#### Source material:
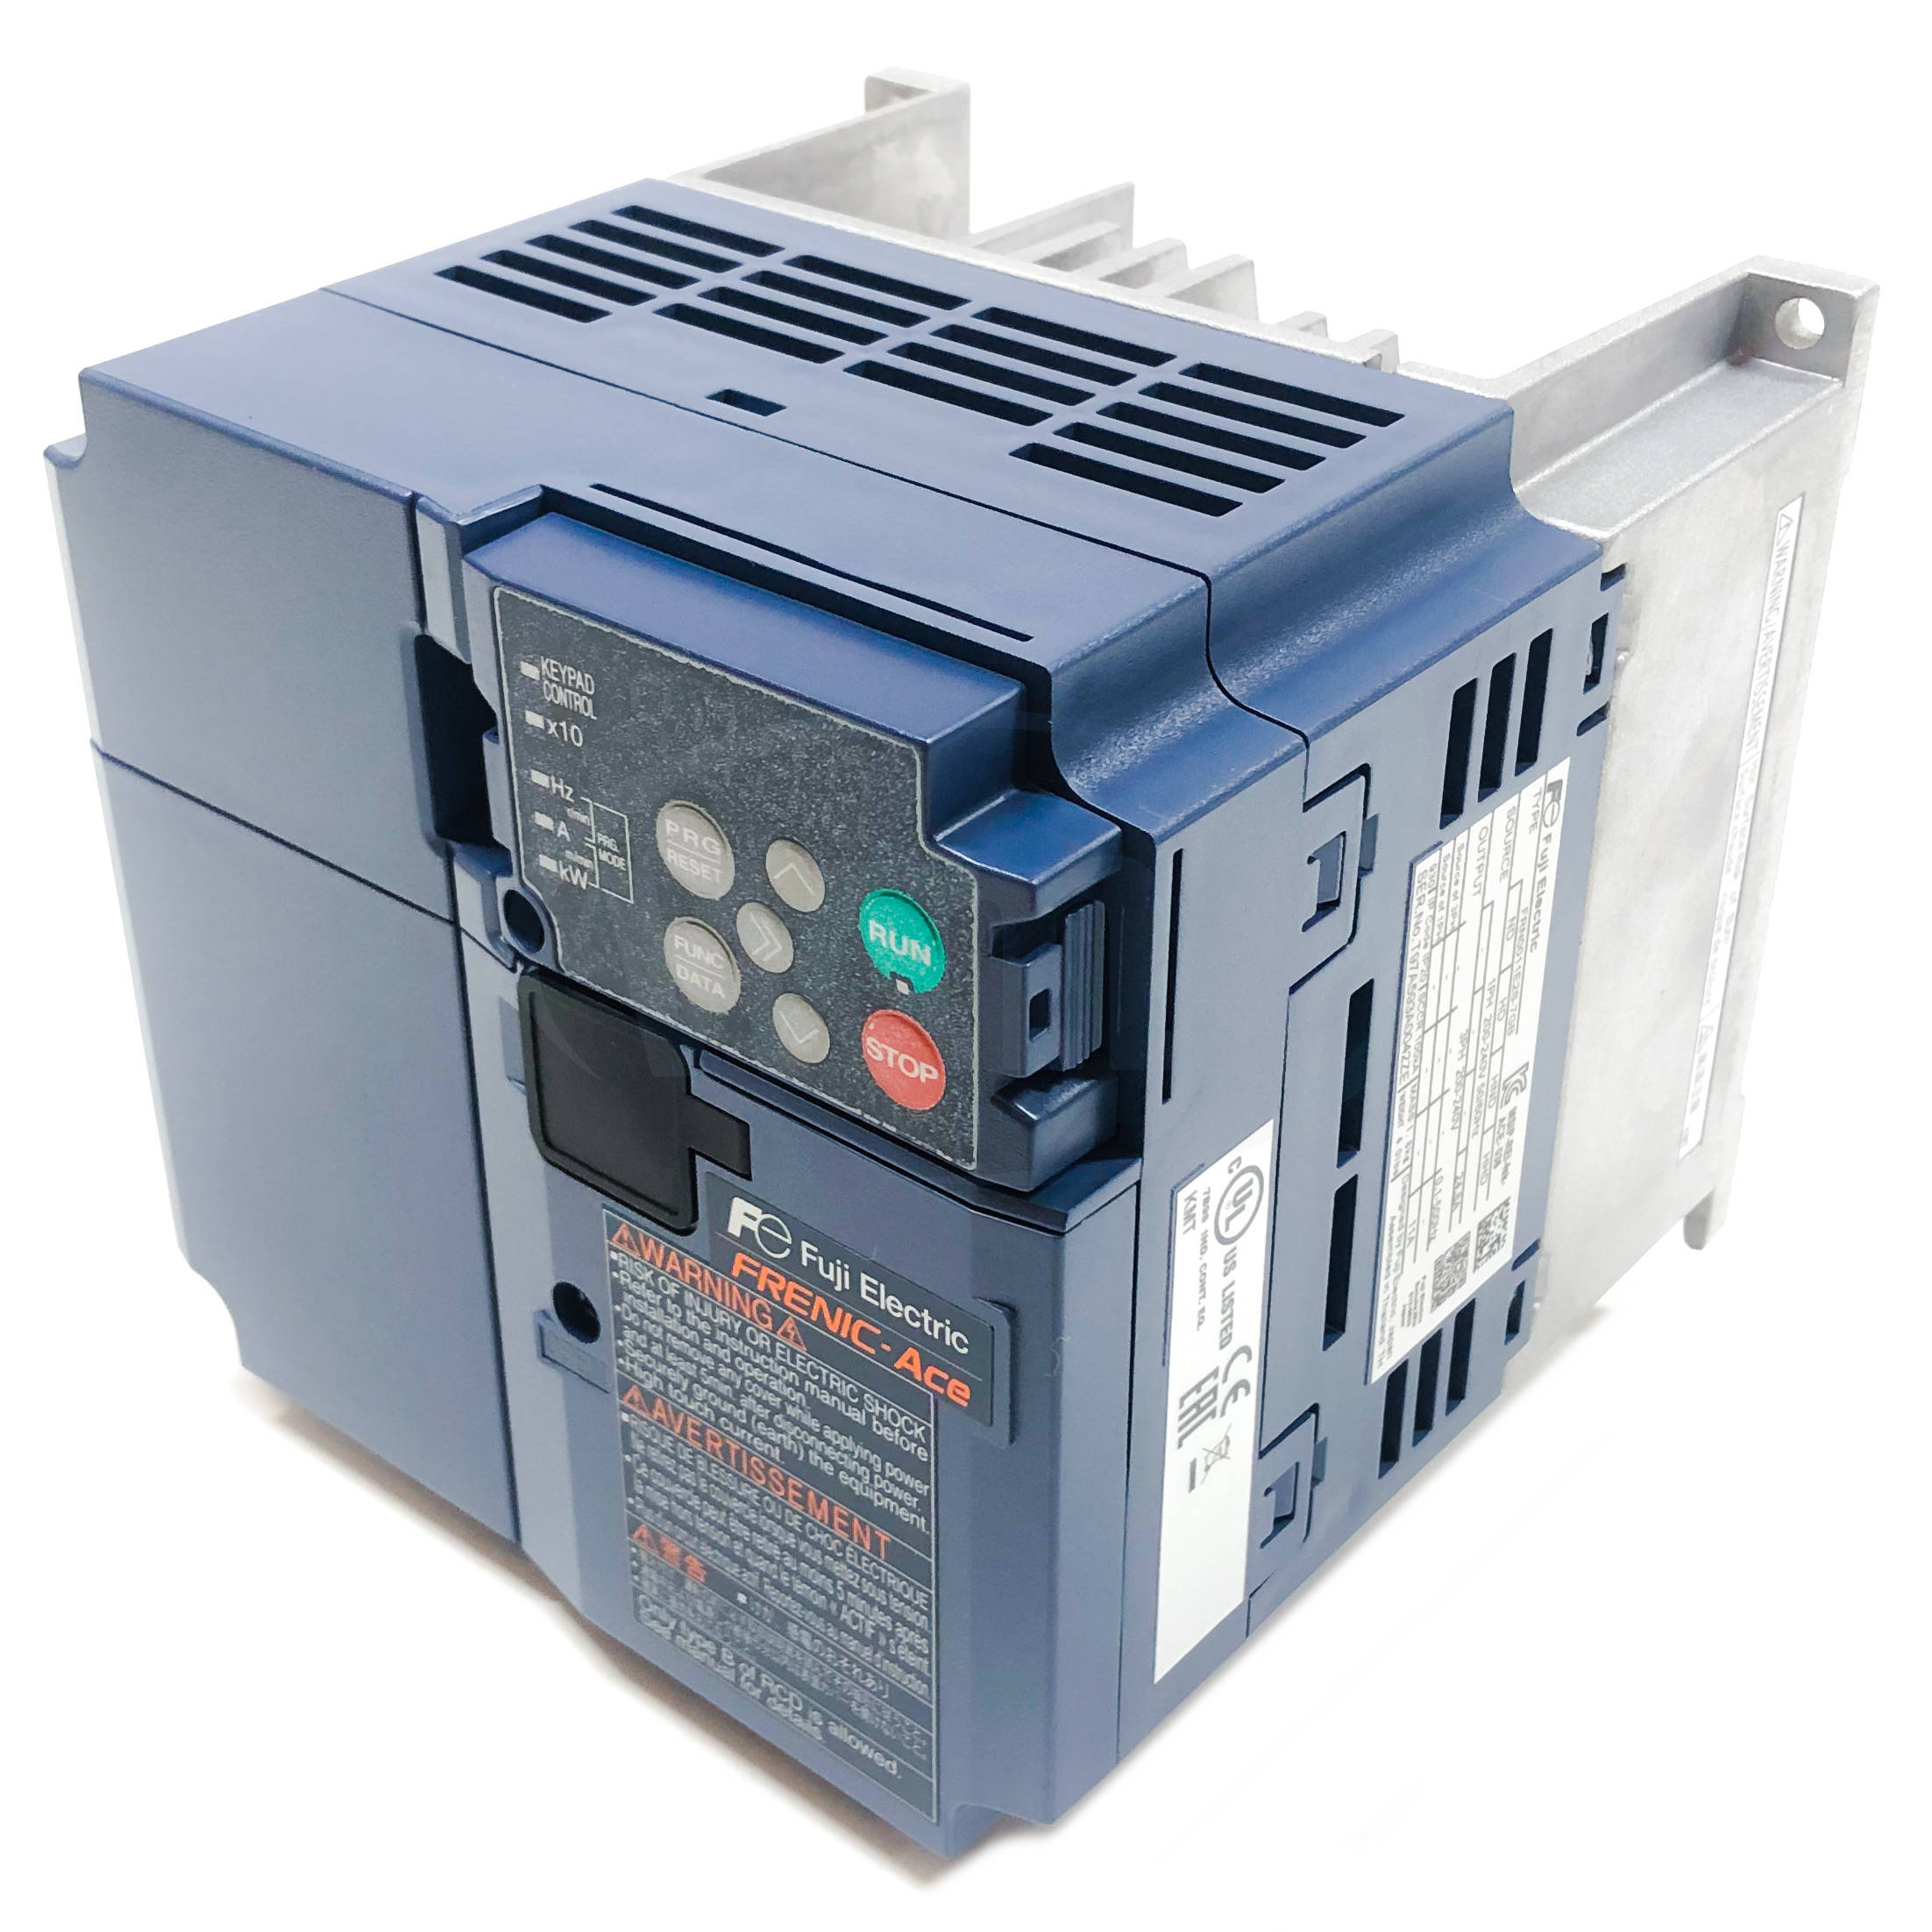 New ACE Fincor KL Series ACE-KL-460V-3P-1HP Variable Frequency Drive Free Ship 
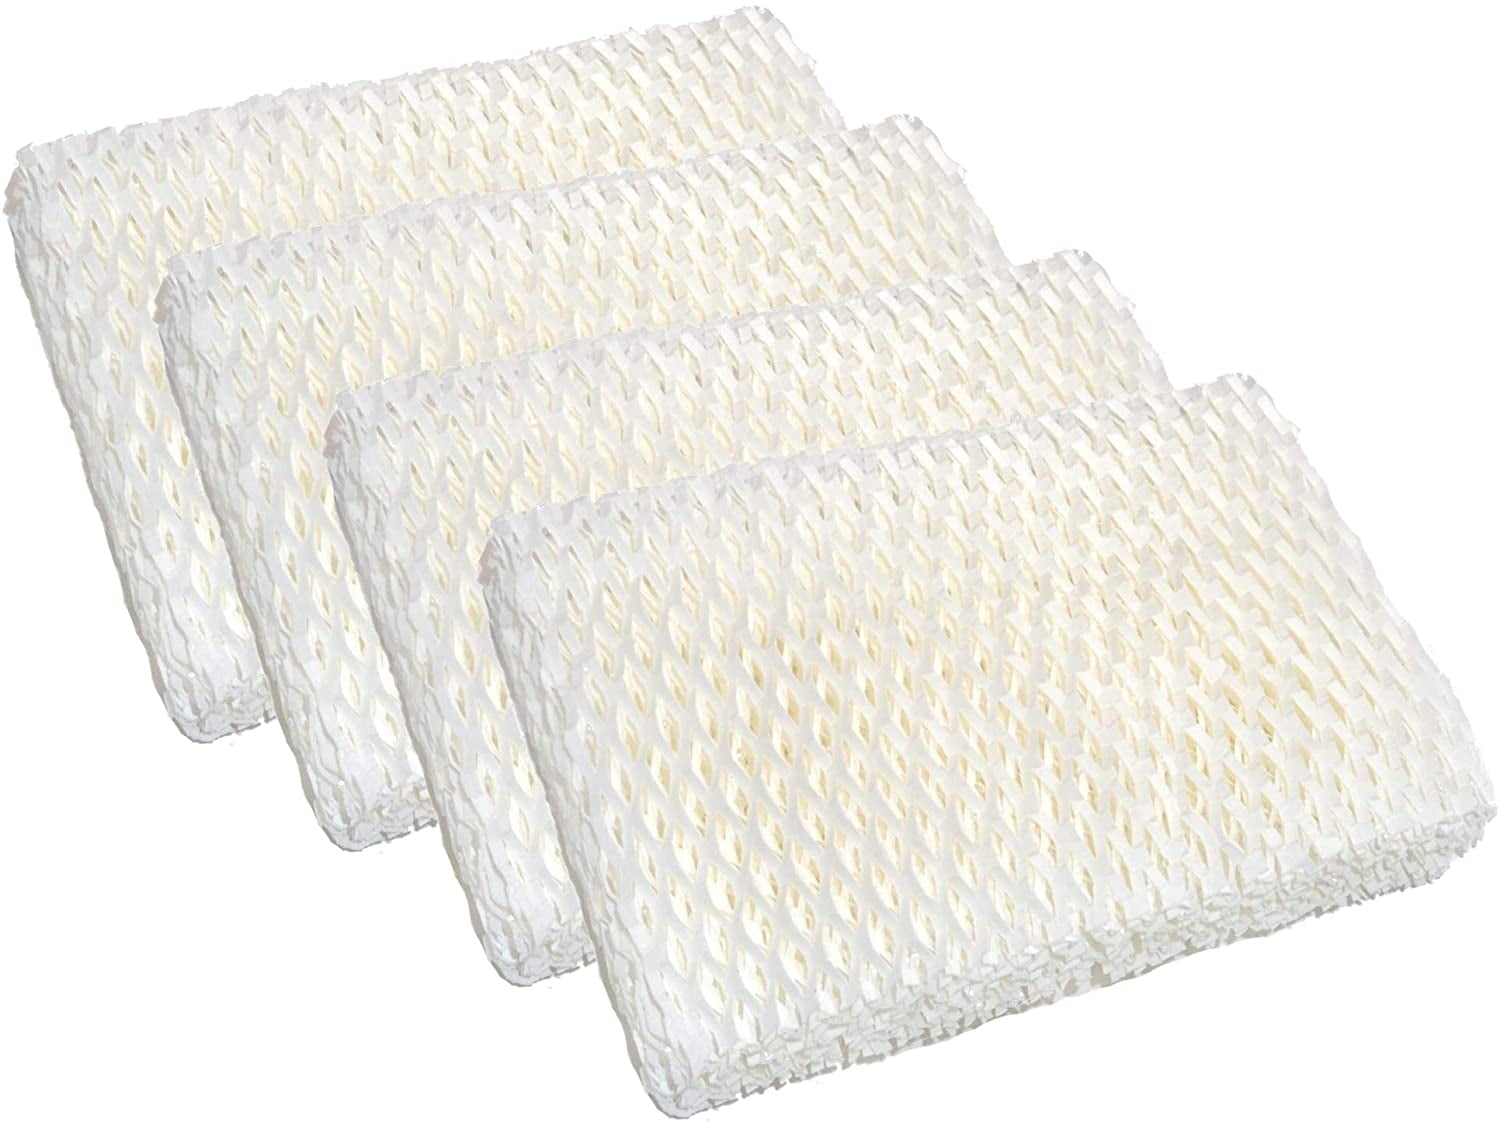 2H01 Replacement Graco 4-Pack HQRP Humidifier Wick Filter for Graco 2H00 Cool Mist 
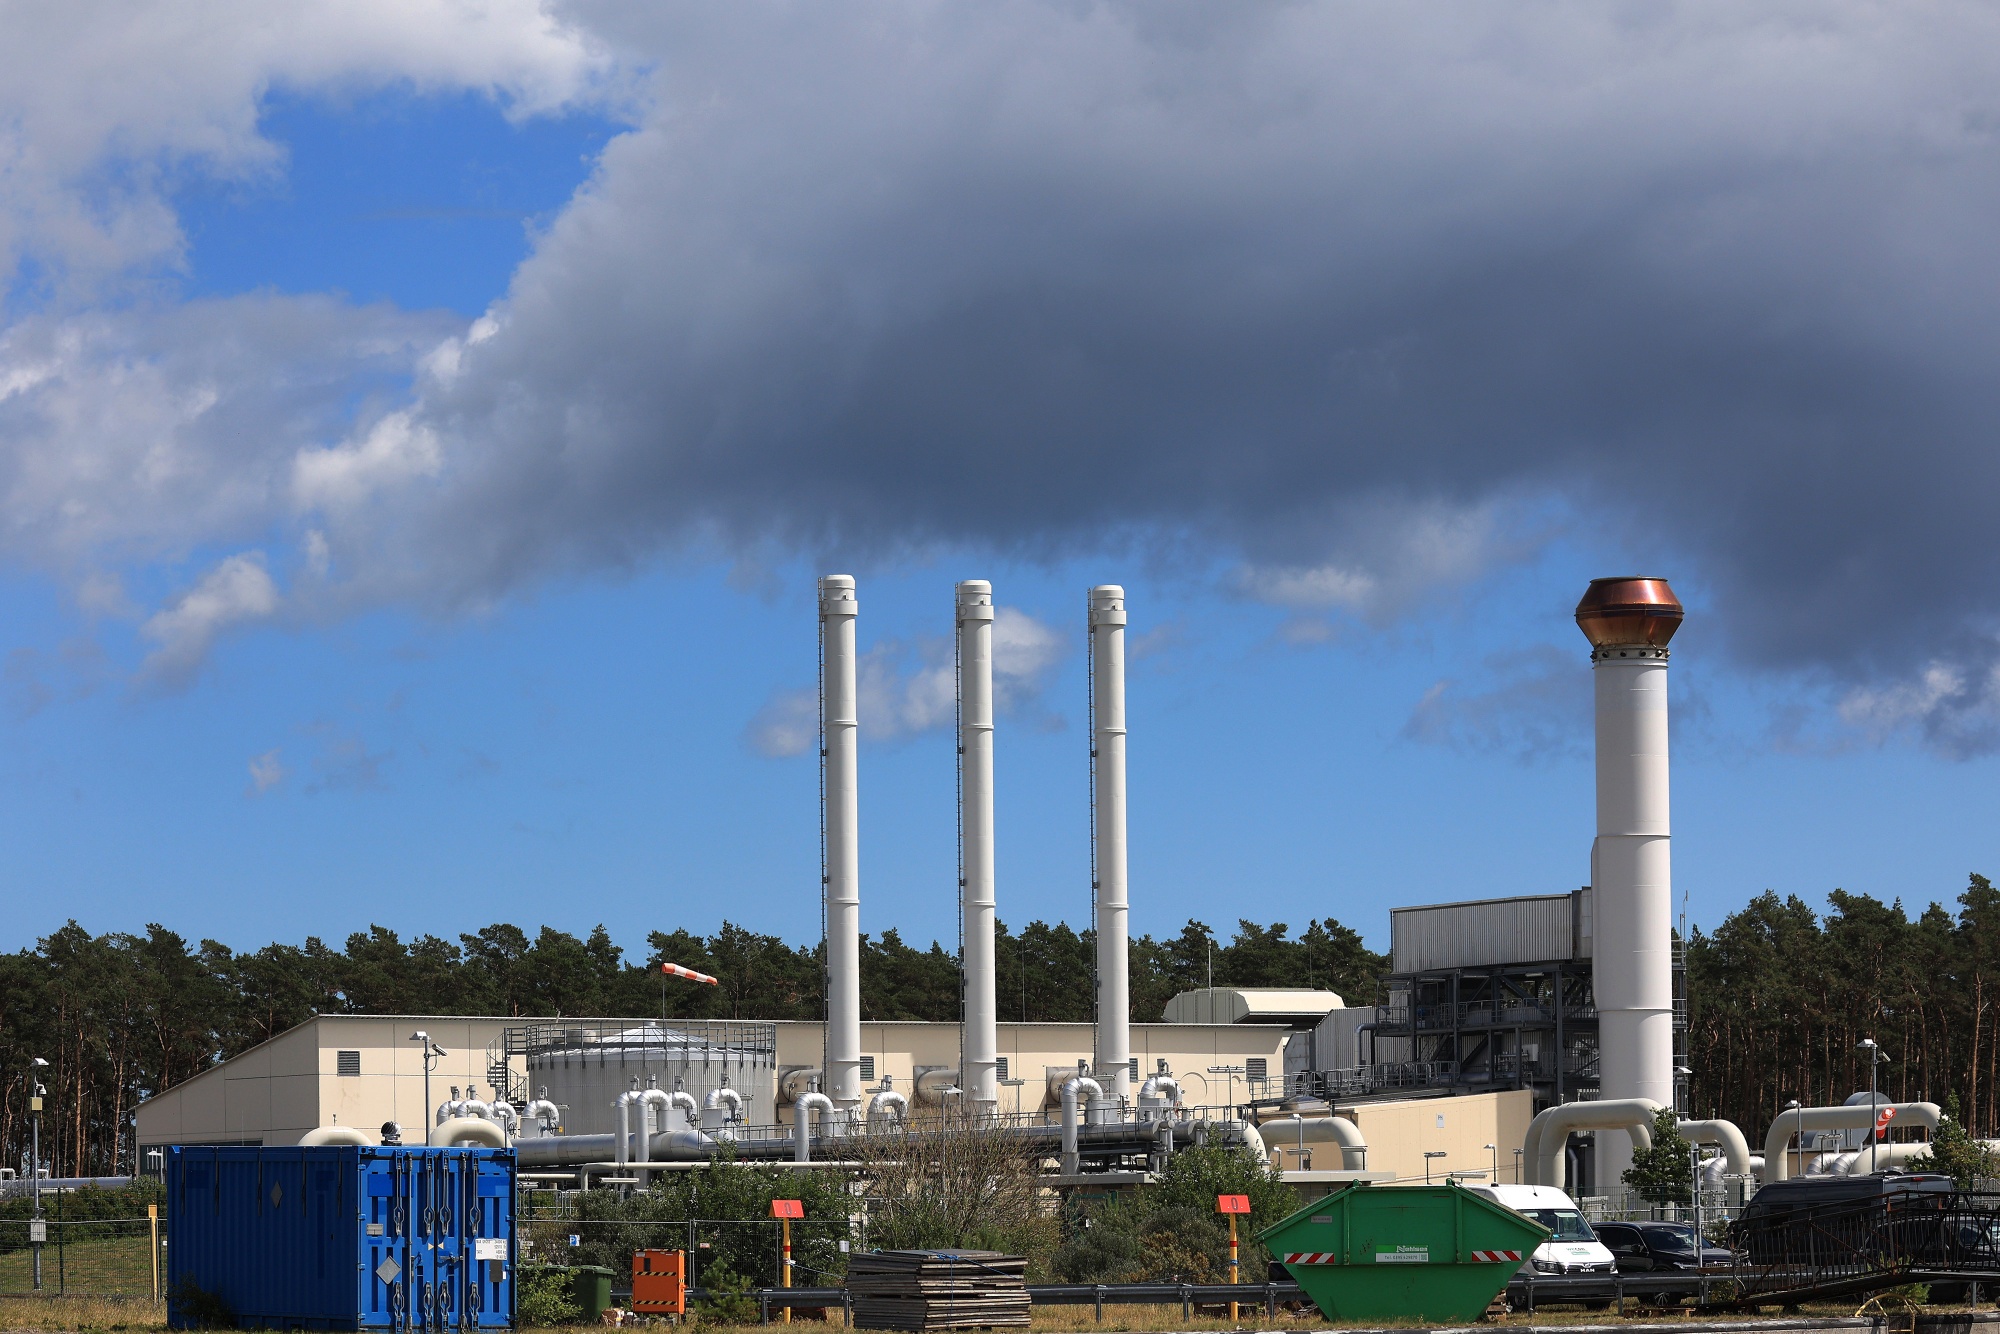 An energy plant in the EU.

#### Problem:
Every line of the data above is to be repeated exactly; the images are to be left out.

#### Result of this task:
 New ACE Fincor KL Series ACE-KL-460V-3P-1HP Variable Frequency Drive Free Ship 
 2H01 Replacement Graco 4-Pack HQRP Humidifier Wick Filter for Graco 2H00 Cool Mist 
 An energy plant in the EU.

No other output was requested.